**Task brief**
When copying the listing below, skip every picture and repeat exactly the lines from the first one through the line that contains "Chanel Vintage Black Leather Full Flap Bag".

**Study material**
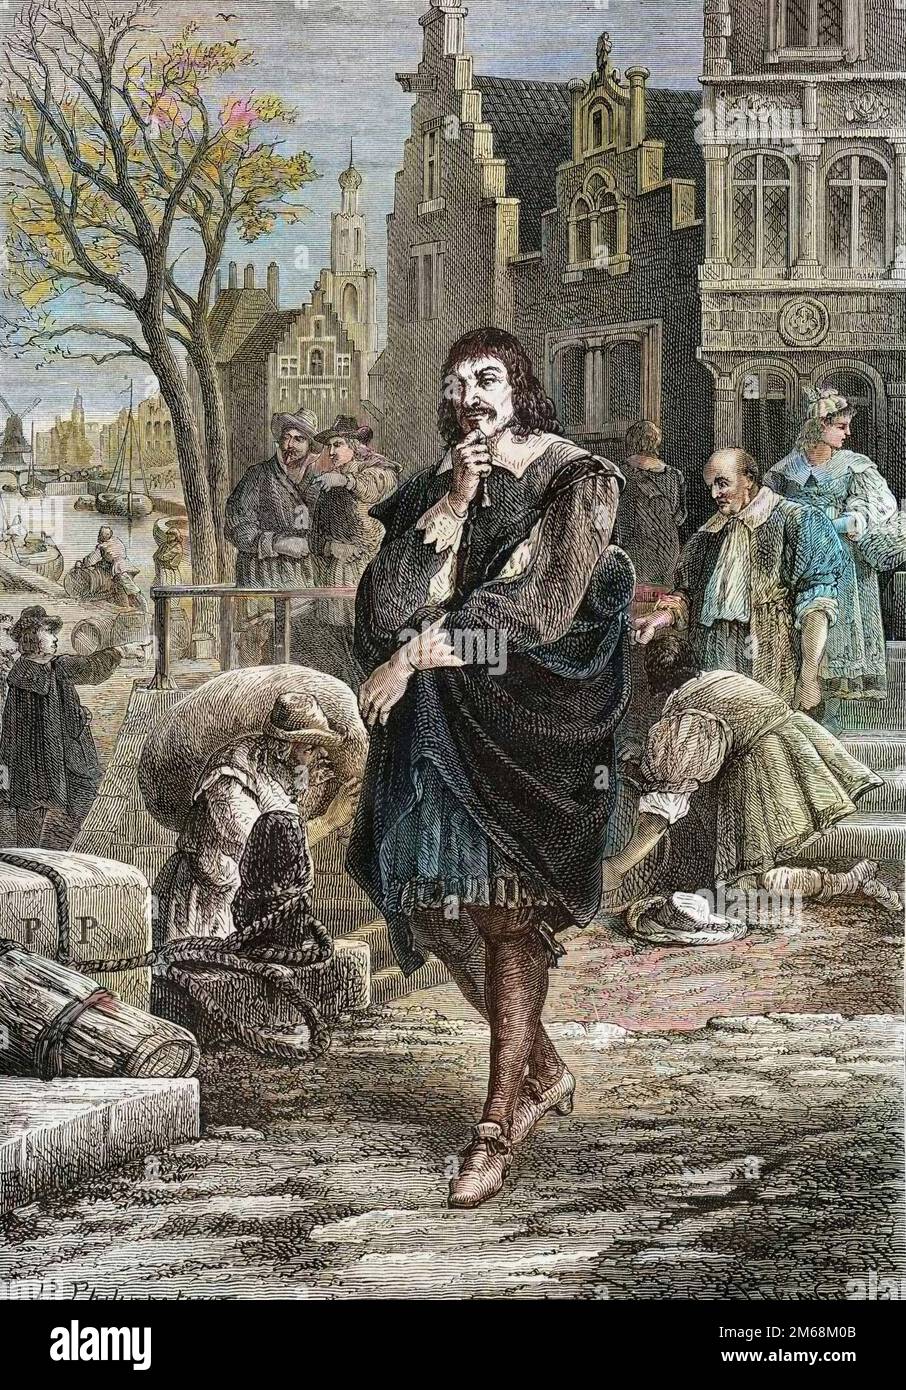 Rene Descartes (1596-1650), Philosophe et Mathematicien francais se promenant dans les rues d'Amsterdam - Descartes in Amsterdam Stockfoto
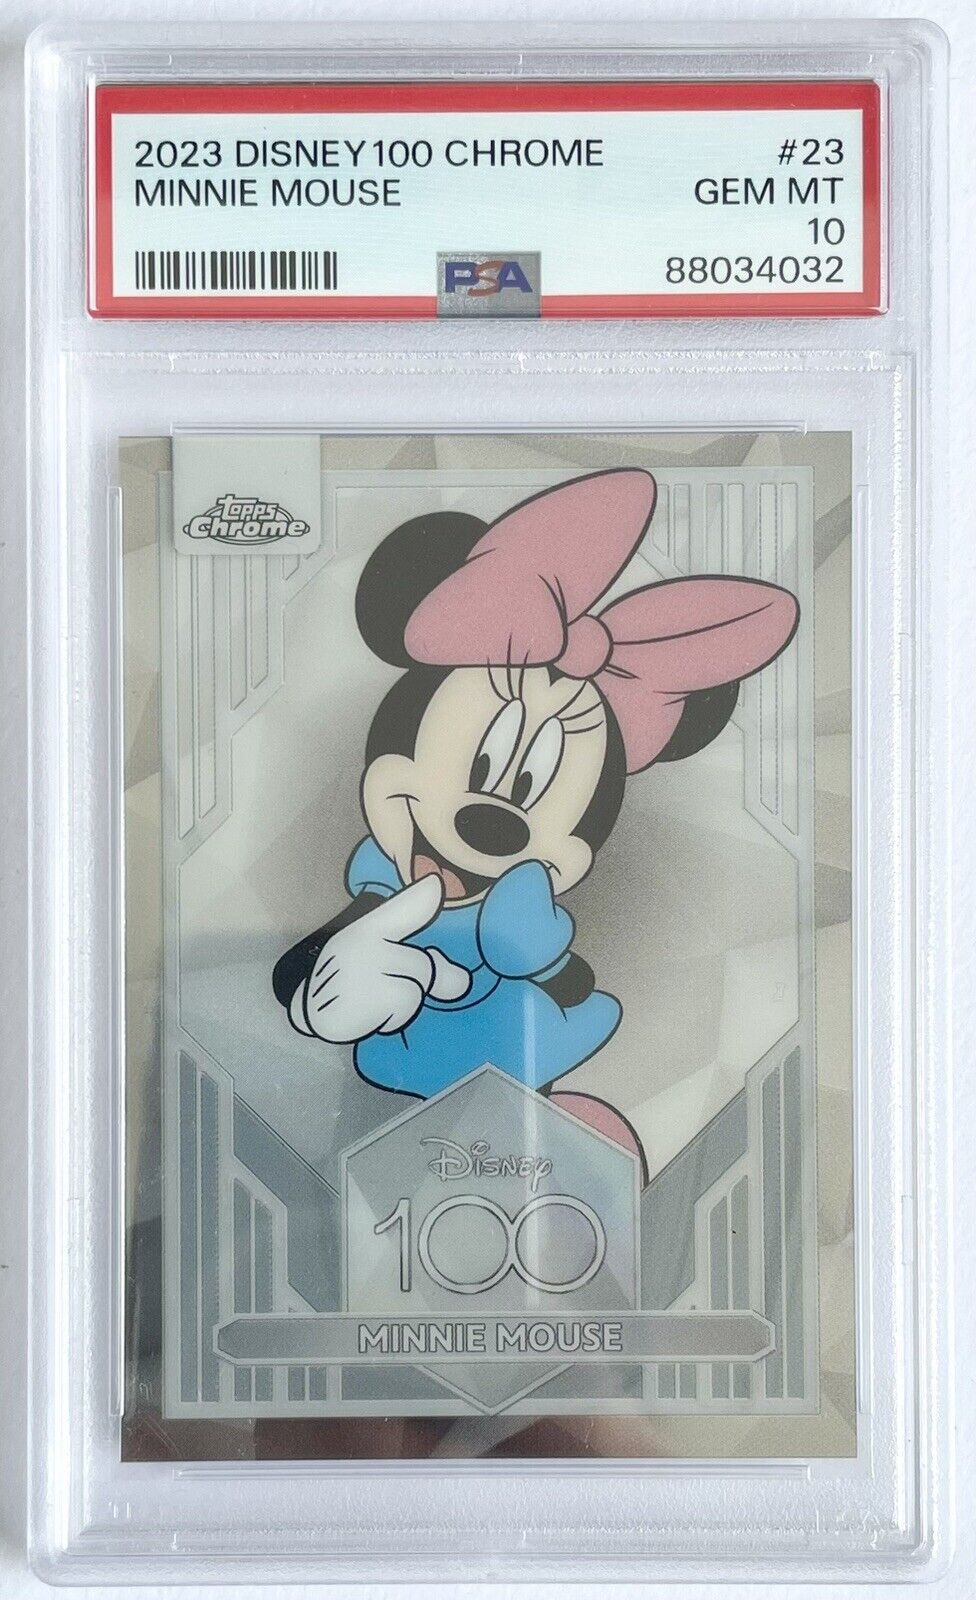 Topps Chrome Disney 100 - PSA 10 - Minnie Mouse
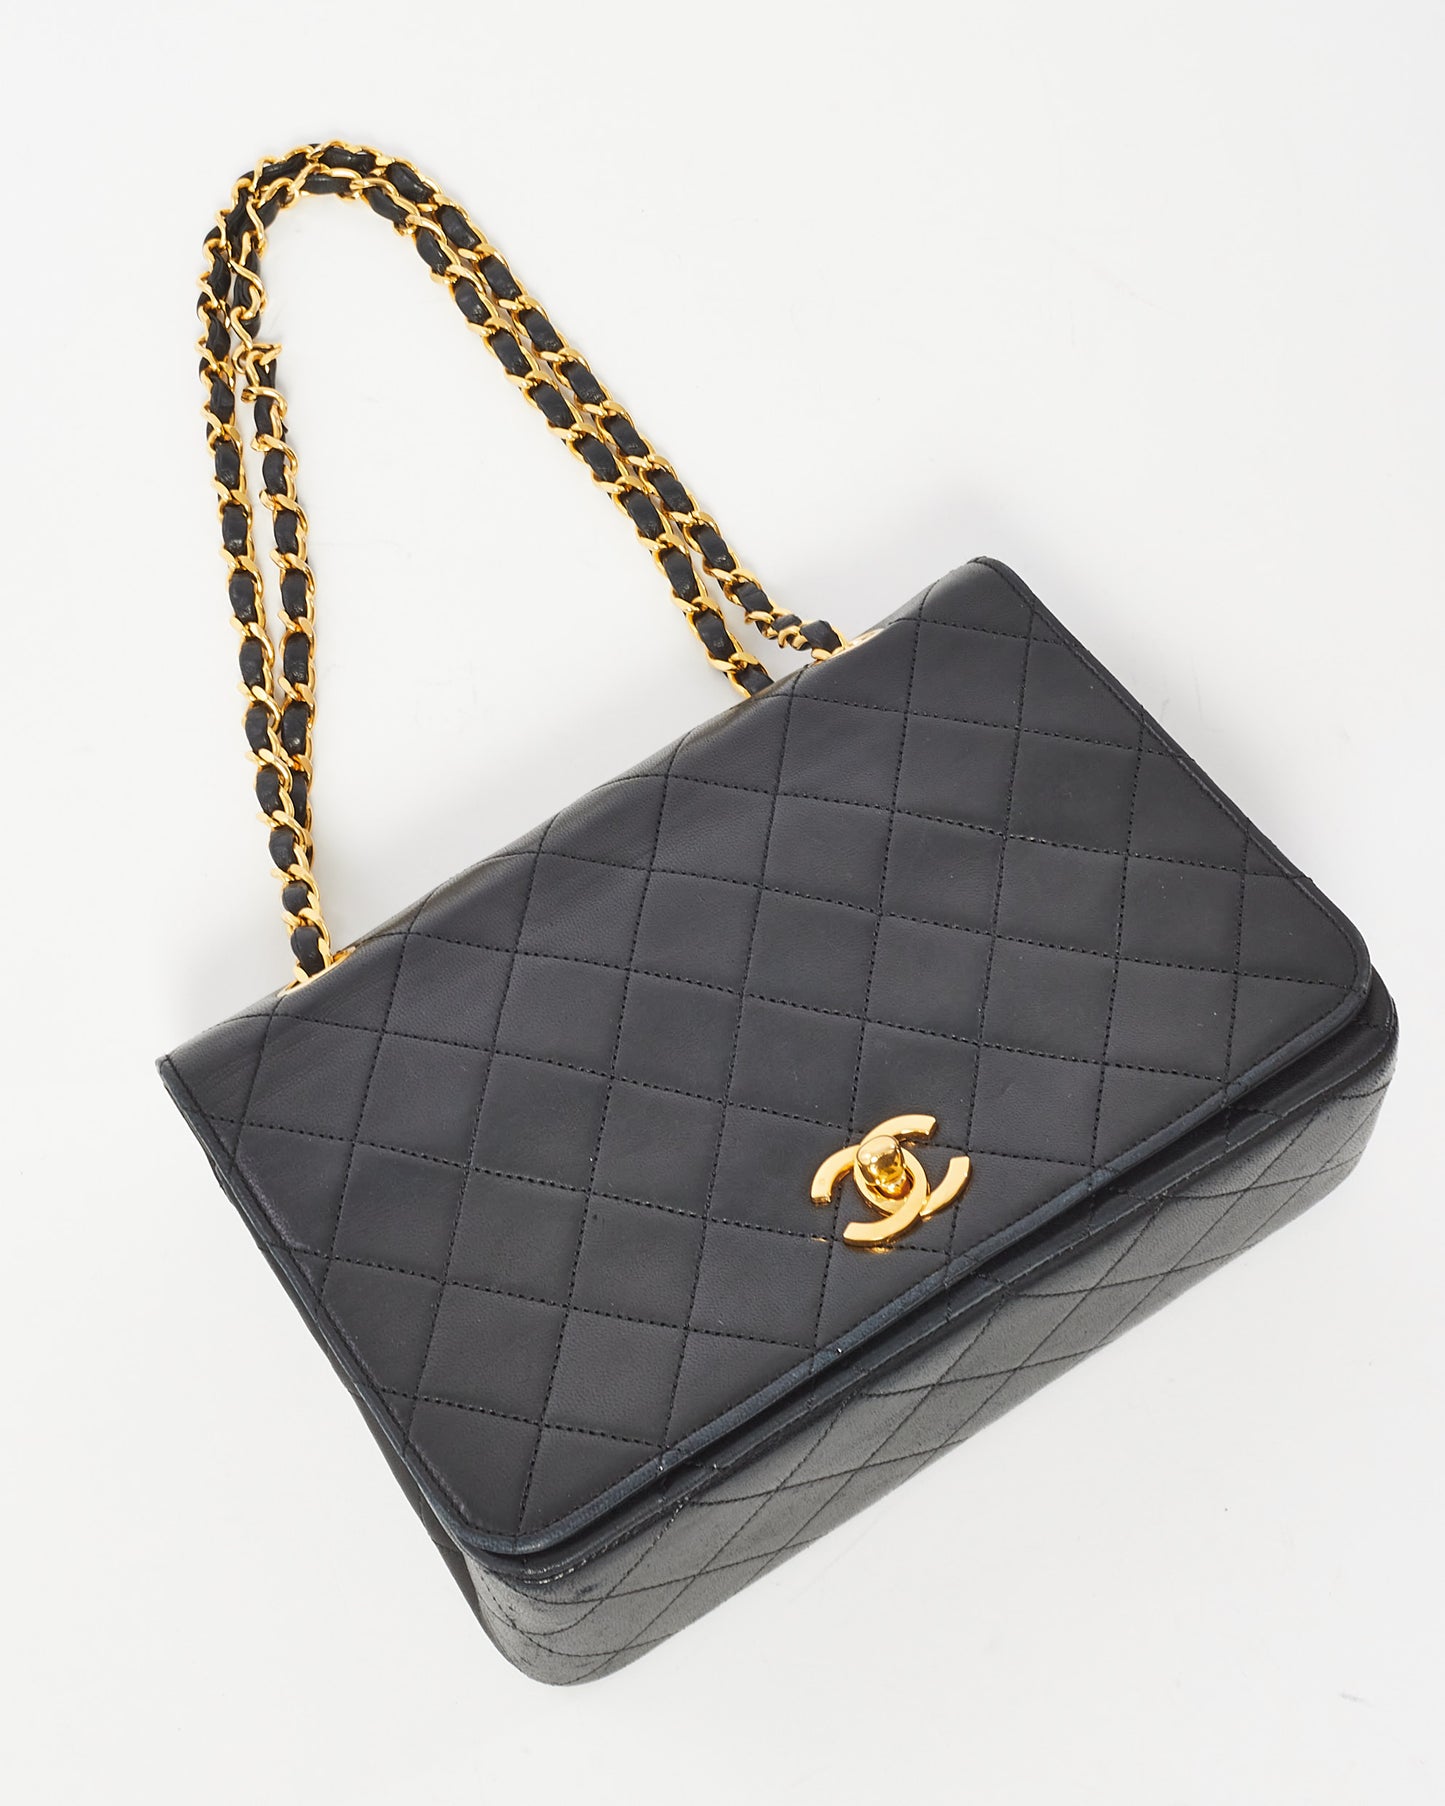 Chanel Vintage Black Leather Full Flap Bag
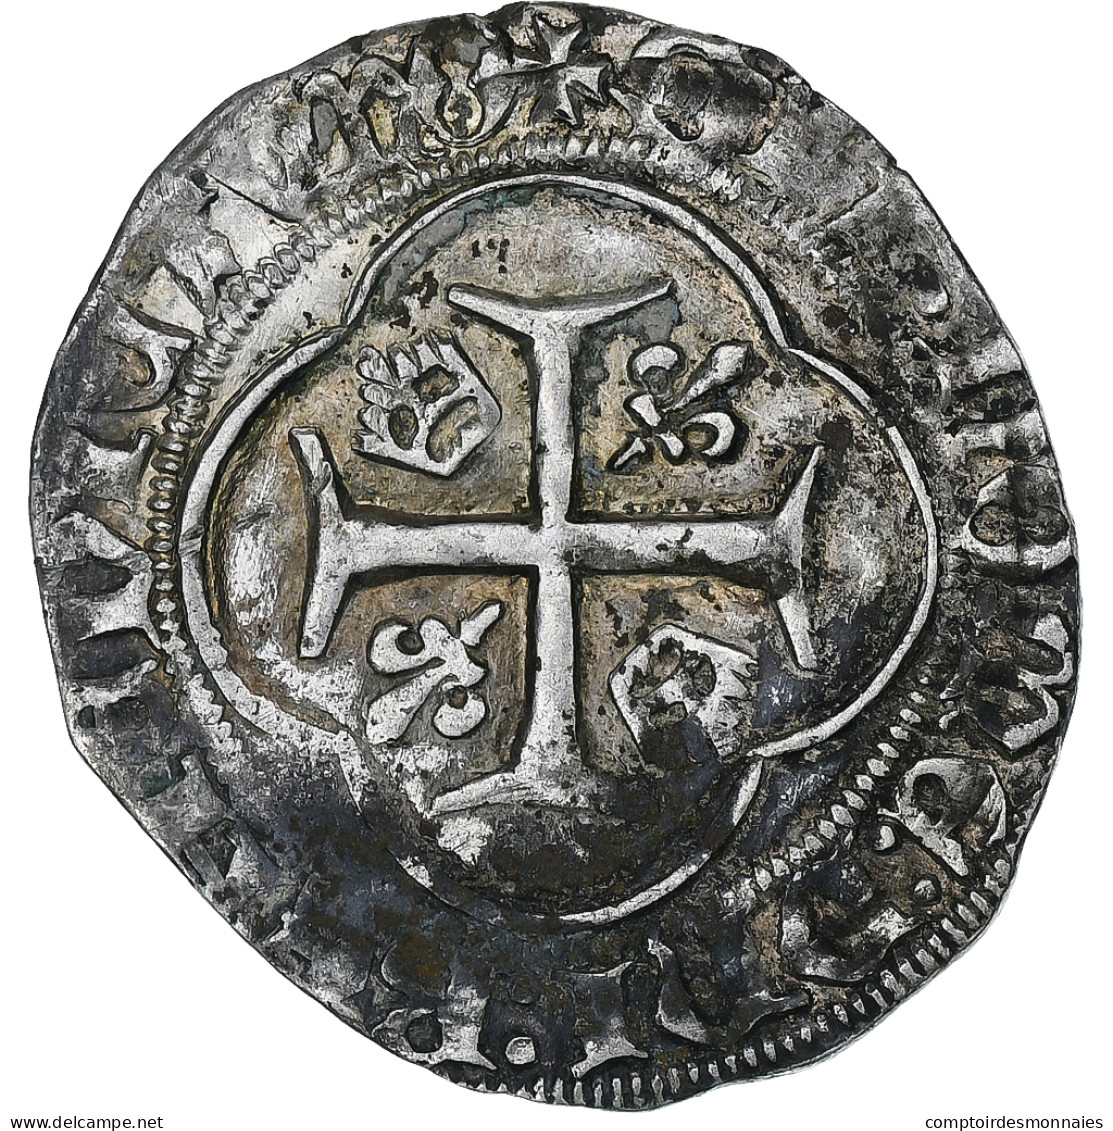 France, Charles VII, Blanc à La Couronne, 1436-1461, Orléans, Billon, TTB - 1422-1461 Charles VII The Victorious
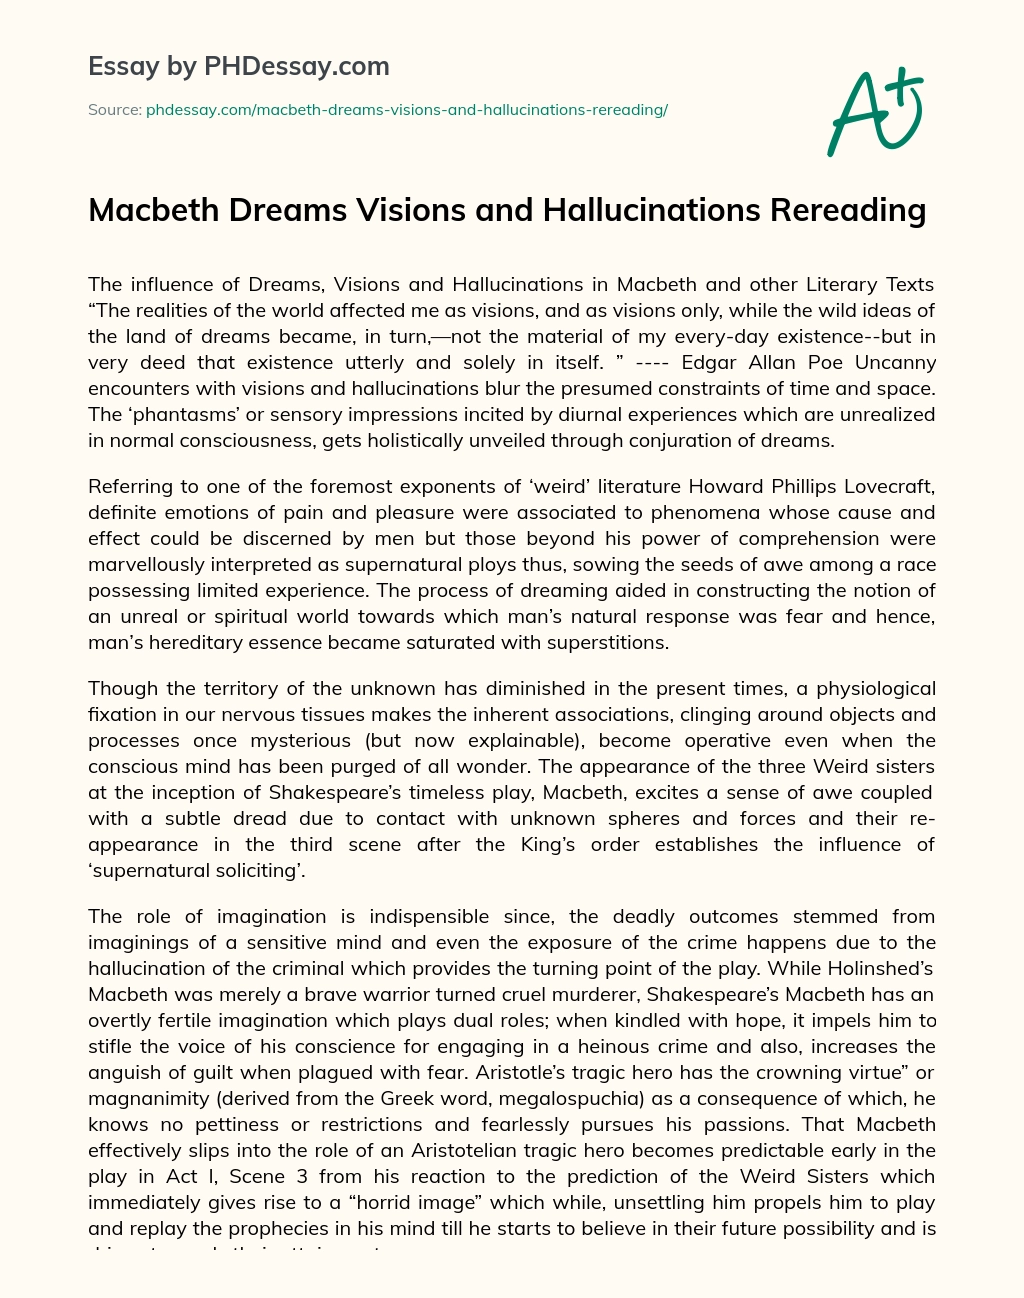 Macbeth Dreams Visions and Hallucinations Rereading essay
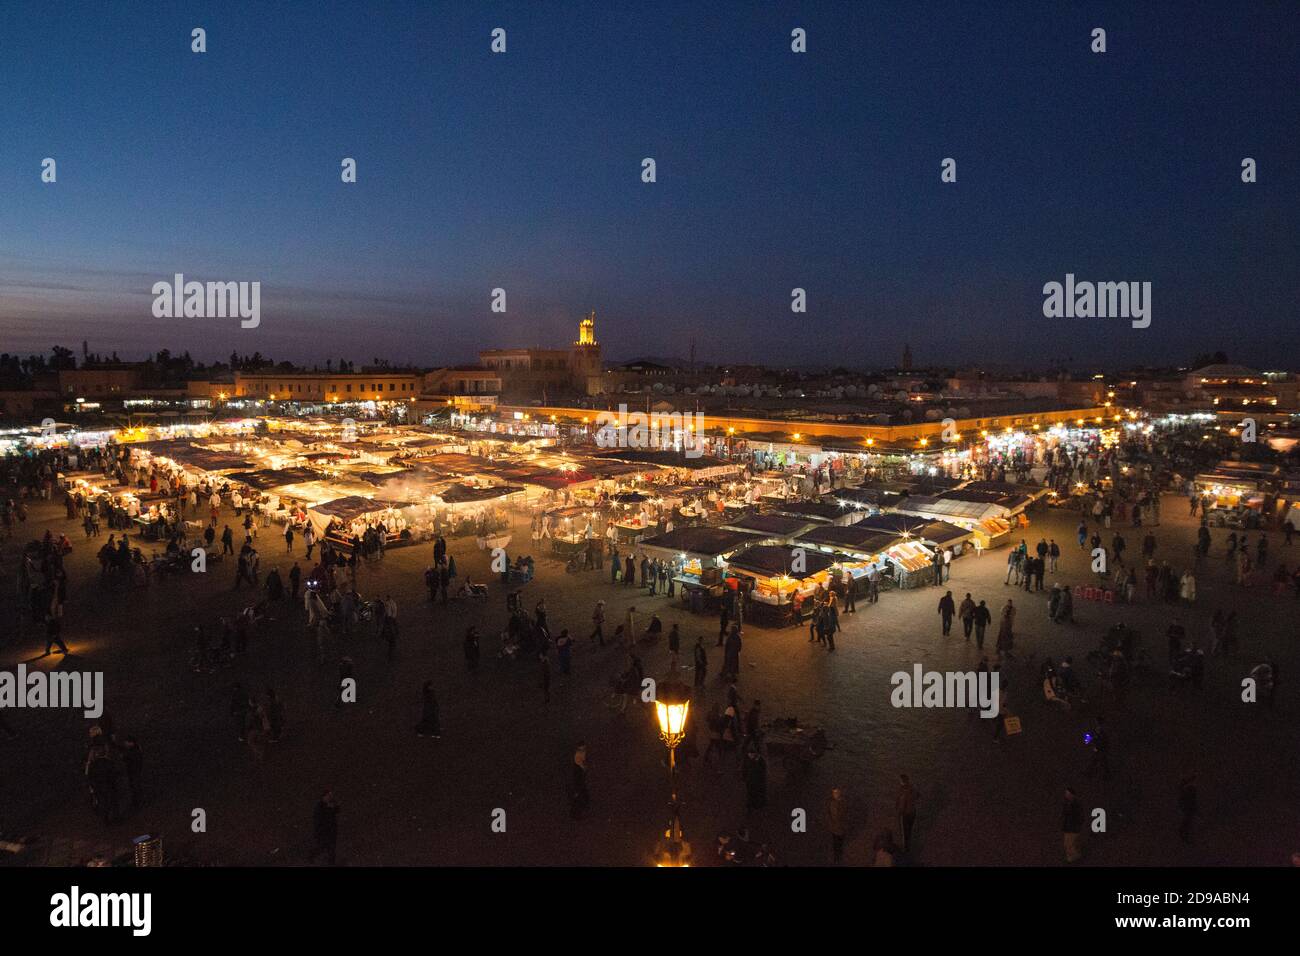 Bancarelle di cibo a Jemaa el Fna, la piazza del mercato di Marrakech, Marocco. Foto Stock

**Answer to the problem**
 Rene Descartes (1596-1650), Philosophe et Mathematicien francais se promenant dans les rues d'Amsterdam - Descartes in Amsterdam Stockfoto
 Topps Chrome Disney 100 - PSA 10 - Minnie Mouse
 Chanel Vintage Black Leather Full Flap Bag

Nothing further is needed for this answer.